“Messy.” In my work of women’s philanthropy, lately this is the word that keeps coming up over and over again, so I know there is a deeper idea emerging. I saw this happen with the word “grapple,” and now fundraisers echo that word back to me when they are dealing with challenging issues. So, I’m looking more deeply at what it means that women’s philanthropy can feel messy.
I don’t say that it is messy to work with women – WPI research and my three decades of experience have busted the myth that women are harder to work with. Our approaches simply need to be different. They aren’t harder.
And I don’t say that it is messy and not worth the time to gain support from women. The evidence from dozens of clients consistently proves that many new resources grow exponentially when we engage women in ways that better resonate with them.
I say that women’s philanthropy can FEEL messy because I hear the uncertainty all the time from fundraisers:
“I love the energy from our women’s advisory council who are committed to grow resources for our mission, and yet I’m constantly asked by my leaders ’what is the ROI on this?’ and ‘how much will we raise?’”
“I didn’t ask them to achieve a specific outcome. Instead, I listened to the group of women stakeholders across three meetings, and they came up with a bolder goal, and more names, than I expected. Did I do this right?”
“The women have so many heart wrenching stories of how they’ve been dismissed in the past. How can we get from the past to the present opportunities they might help with?”
I want to acknowledge that it can feel messy and vulnerable to step outside the lines of our buttoned-up, patriarchal “we want you to provide support this way” approach. I know that I was trained that way. I wore the typical fundraiser’s blazer, I memorized the proposals to present to donors, and I made sure I could answer most questions that came up. I felt in control before I walked into a visit.
Women often approach philanthropy as a “We.” Fundraisers will be more trusted when we cede some our “knowing” and presumed control and instead become curious and really listen to stories and questions. Questions are good – they help a group of women understand parameters, discern opportunities for impact, and then work together with the institution to create tangible impact.
To get to a trusted partnership and exponential results, it is fine to feel unsure when women share in the first meeting both excitement at being invited to work together as well as stories of being dismissed, unseen, or not valued in previous interactions. You may think “where is this going” but the process and the intent will evolve over time. What women might share are natural responses when they are finally being asked, authentically:
“What is resonating?”
“What might we do differently?”
“Where have we misstepped?”
“What’s right in front of us that we are missing?”
It is normal to feel disorganized when this same collective of committed women, who now trust they are being authentically listened to, ask questions in a second meeting and then test ideas with staff – rather than staff telling them what is best.

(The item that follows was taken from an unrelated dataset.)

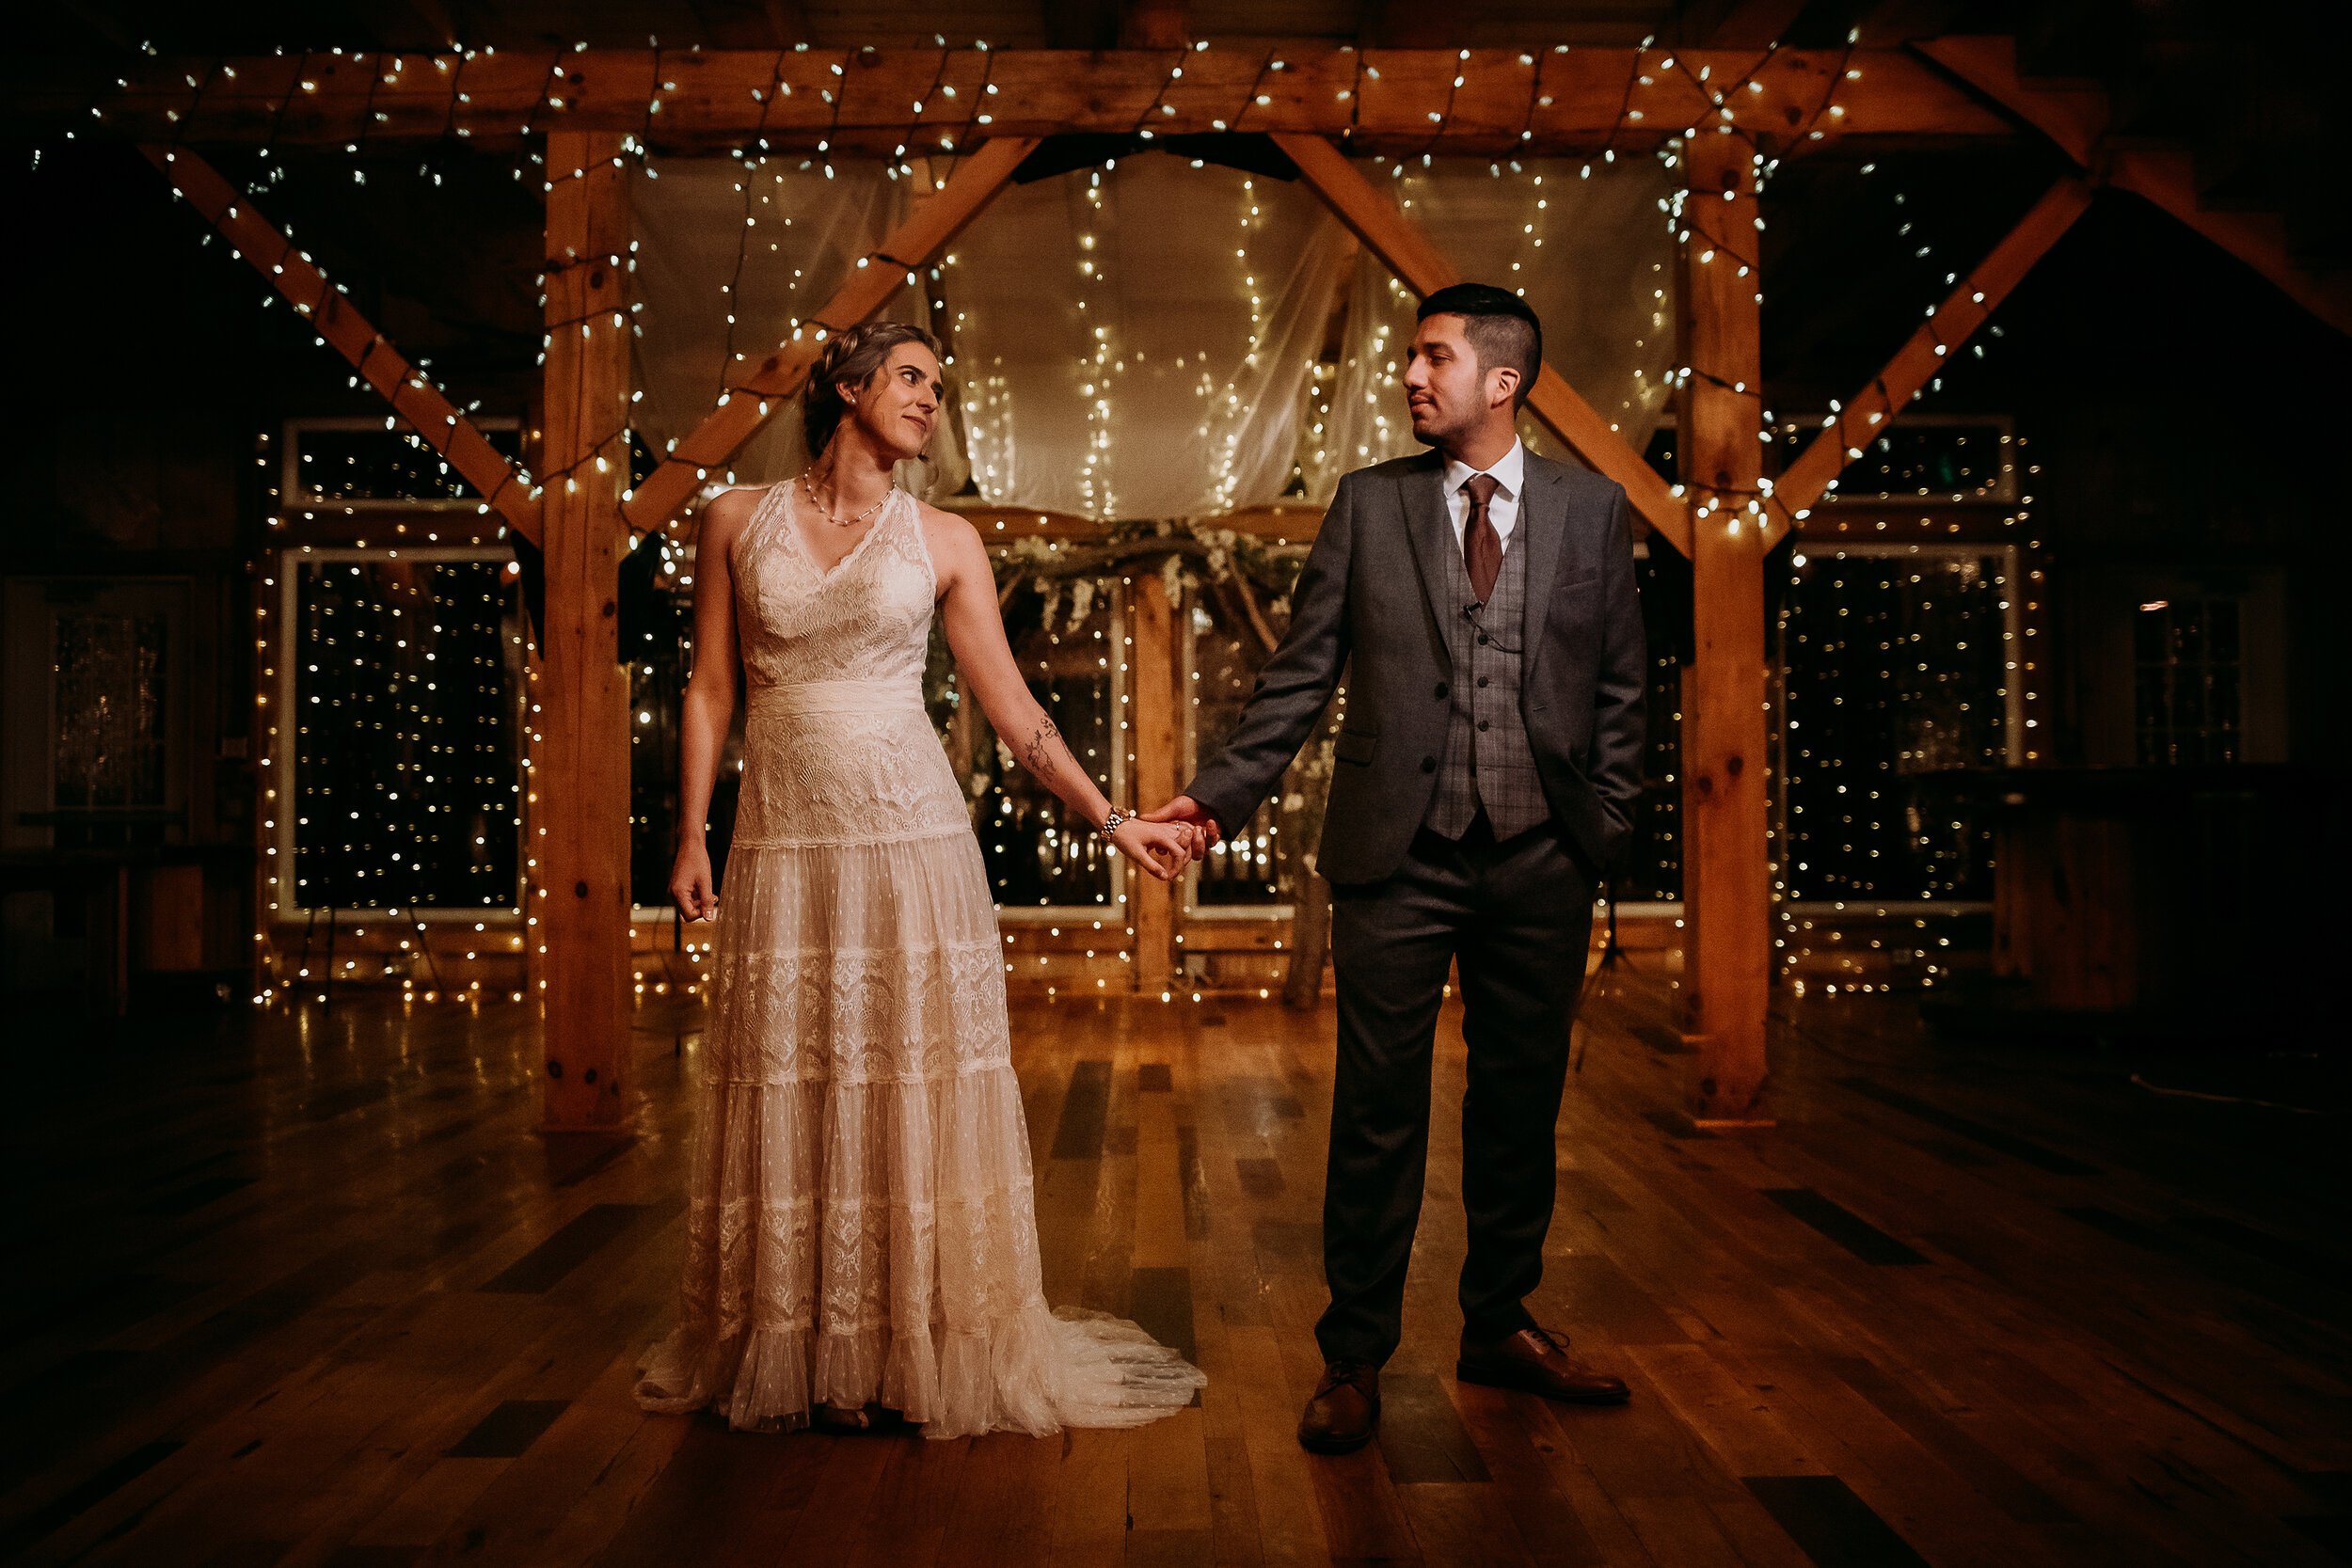  Kindred + Co. Photography captures romantic fairytale dancing following intimate evening treehouse elopement in Northeastern, Ohio. treehouse string lights, floral wooden wedding arch, bohemian wedding lace dress, braided bohemian wedding updo, hold

And it is true that it can feel messy inside the institution while we staff these discerning conversations. Leaders have pressures; we all face time constraints. And our current job descriptions, division structures, team goals, metrics, and compensation rewards are based on what has worked in the past. We’ve not yet created the fundraising structure, metrics and rewards for adapted approaches that bring in more diverse donors, far more donors, and more resources in the same time frame that it takes to cultivate a single major donor.
Adaptations for women and all historically underrepresented groups can feel out of step with the fundraising machine we’ve created across 50+ years. For example, while collective efforts often produce jaw-dropping results (as in a 775% increase in one year of the number of women giving $100,000 to Williams College), our current practices focus on one-to-one relationships. Collective giving is not “valued” as much, yet, as the single big gifts.
So, women’s philanthropy work can feel messy and unconforming. We can feel we need to always prove ourselves as well as prove the work is critical. I personally have felt out of step for over 25 years!! But I know that these feelings arise because institutions that intentionally welcome in all individuals that identify as women, trans and non-binary are shaking things up. I can assure you that the uncomfortable feelings do dissipate as we band together, share what we are learning, and grow the number of institutions, leaders and fundraisers who are intentional in their fundraising with women. As we reimagine how to fundraise with authenticity, curiosity, and vulnerability, and demonstrate success upon success that results when we meet donors as they prefer, then our sector will evolve with us.
Today’s donors want authenticity and purposeful partnership, with each other and the institution, to solve real problems. Last week, an alumna at a small college said, ““Our collective working group is filled with interesting, diverse and powerful women ready to create radical impact. We are going to rock it!”
THIS is the energy we release when we embrace “messy” as a temporary state, when we let uncertainty open the doors to genuine conversations with women donors and volunteers, and when we allow ourselves to be vulnerable as we truly listen to our stakeholders and build mutual trust. I hope you choose to toss the blazers and embrace more unknowns when working with women. They will move your institutions toward unexpected and rich conversations, partnerships and results.